A preliminary question might be whether law schools really want to improve the signal quality of their grades. It can be fair to say that legal professionals probably don’t care that much. For every student denied a traineeship in a pure meritocracy is another student who falls in love with one. It seems doubtful that a law school that has implemented a better grading system will be more attractive to applicants. Aren’t students drawn to the lax grading systems at places like Yale Law School?

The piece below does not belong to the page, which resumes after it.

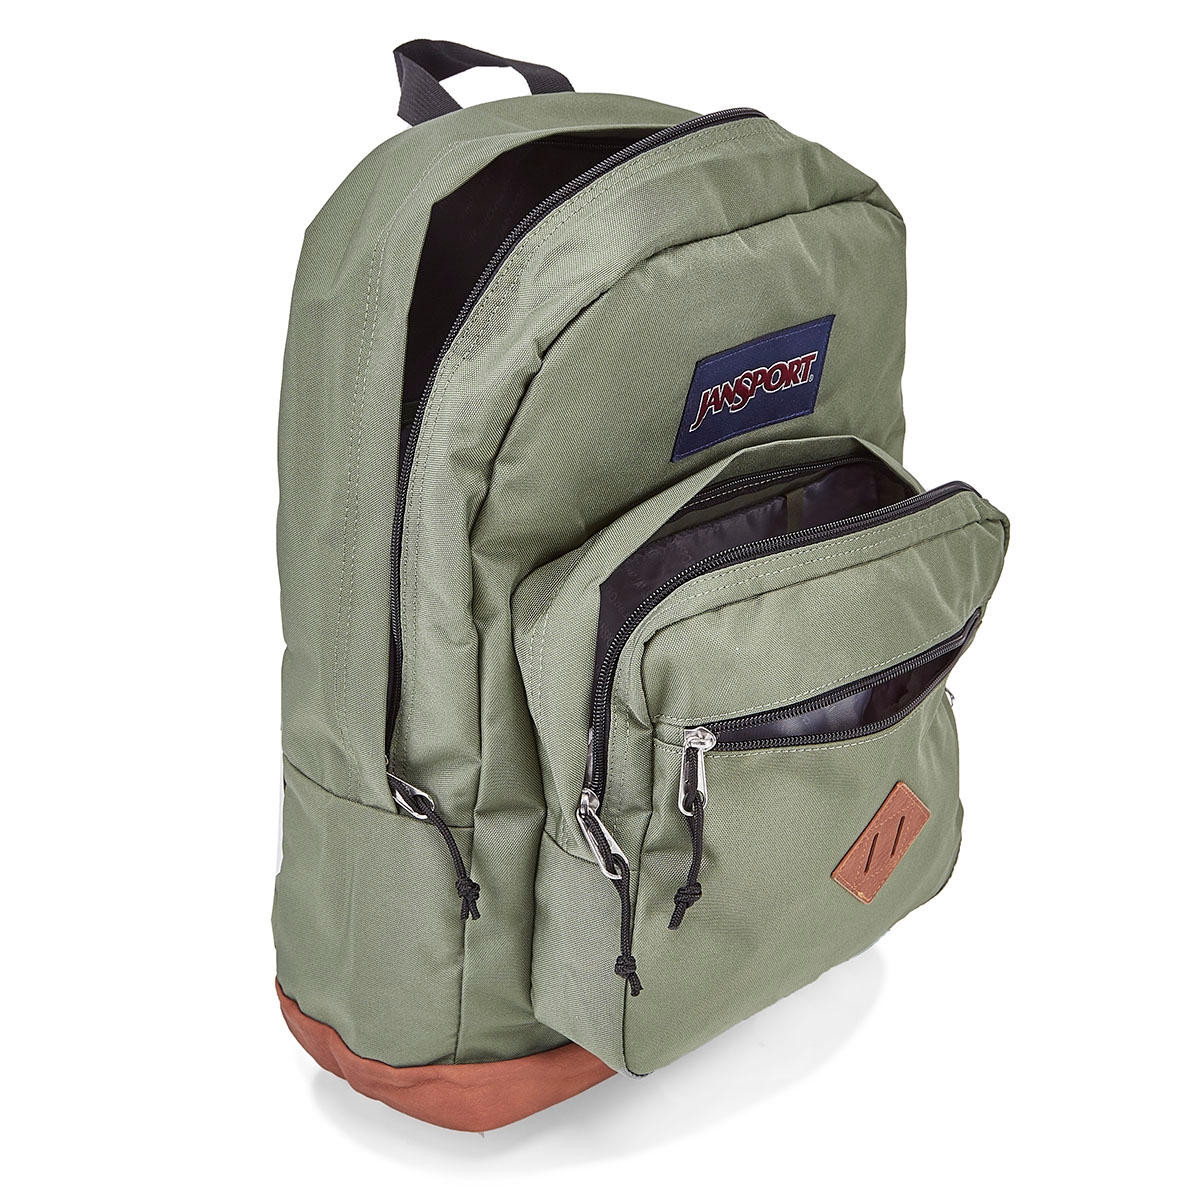 hunter green jansport backpack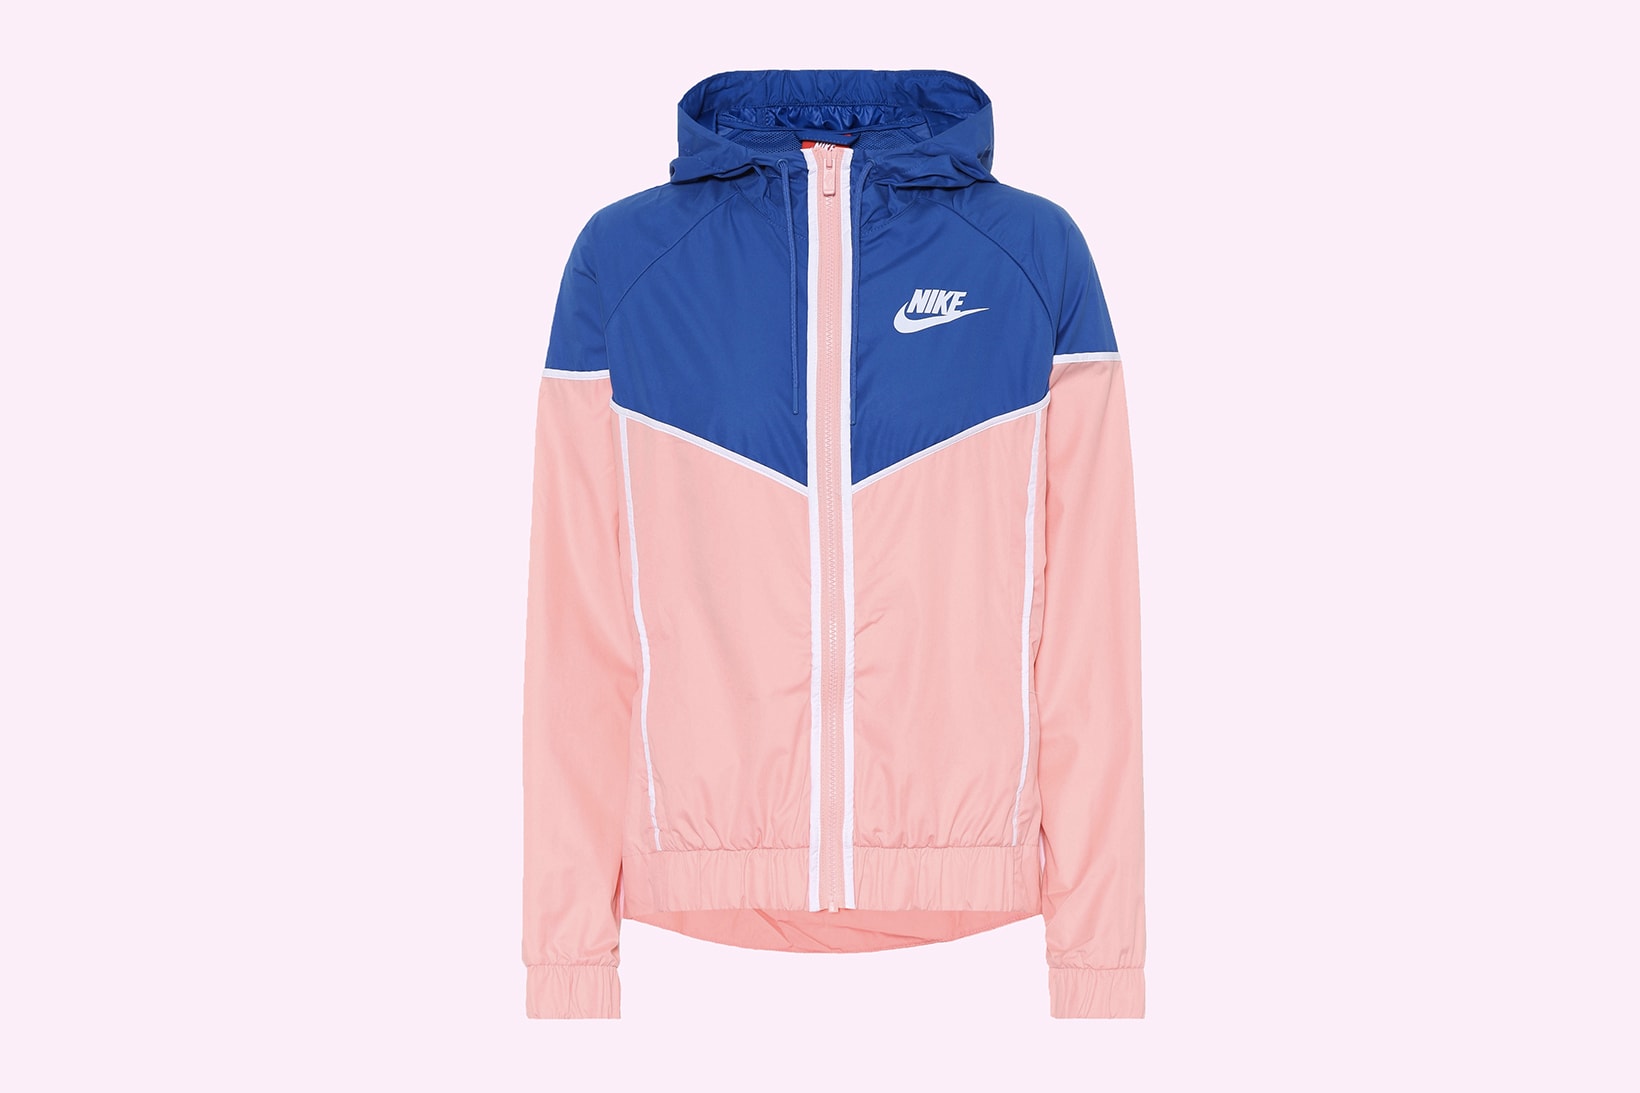 Nike Pastel Pink & Blue Retro Windbreaker Jacket

However, there is an argument that they should at least take care of their strongest students. After all, judges and top law firms have repeated relationships with law school and may hire students year after year. If they have a great experience, they are more likely to come back and hire more students. If a student has a job and is not performing well, the employer is less likely to hire students in later years. The stronger the signal, the more employers can rely on. A strong signal is therefore important for employers willing to hire only the best students in a school.
As you move down in the class, the importance of a strong signal to a school can diminish. Some employers may be very happy to hire an average or slightly below average to slightly above average student in a school. While employers may appreciate being able to weed out the worst students in the school, they may also be content with the degree alone, which serves as a form of certification that a student meets the school’s standards. That doesn’t mean the grades are irrelevant, but as the old joke suggests, a school could reasonably conclude that it has a greater interest in pinpointing the best graduate than the worst. The desire to avoid looking particularly bad can explain both the rate of inflation and an opaque rating system like that of the University of Chicago Law School. Employers who have to award the best students can, but many employers can simply look forward to hiring a graduate from this school without worrying about whether a GPA of 175 is a good thing.
Still, law schools want to reward at least their best students, and that requires multiple grades and good school leavers. The authors base their analyzes on data from a top 20 law school over four decades. (It quickly became clear to me which law school you are describing, but because they seem to have a certain degree of privacy for the school, I won’t name it.) Your data shows that the grades in the first year are always pretty good though still imperfect predictor of final performance, with 68% of those in the upper quartile staying there after the first year after graduation. They show that with more semesters the “proportion of missing students among the first 1 percent” – ie those who fill in the 99th percentile but are not there earlier – drops from 40% after two semesters to 22% after four semesters .
Overall, 1L grades are pretty meaningful, with the mean correlation between grades in a classroom and the student’s ultimate performance is 0.66. However, this number hides a great deal of variability among professors. For example, the following diagram shows the predictive value of seven different professors. Each X refers to a time the professor was teaching the class, and each O indicates the professor’s average correlation in the classroom. It is noticeable that there is a certain degree of variability even for an individual professor. Perhaps some exams work better than others. What is even more noticeable, however, is that some students are better than others.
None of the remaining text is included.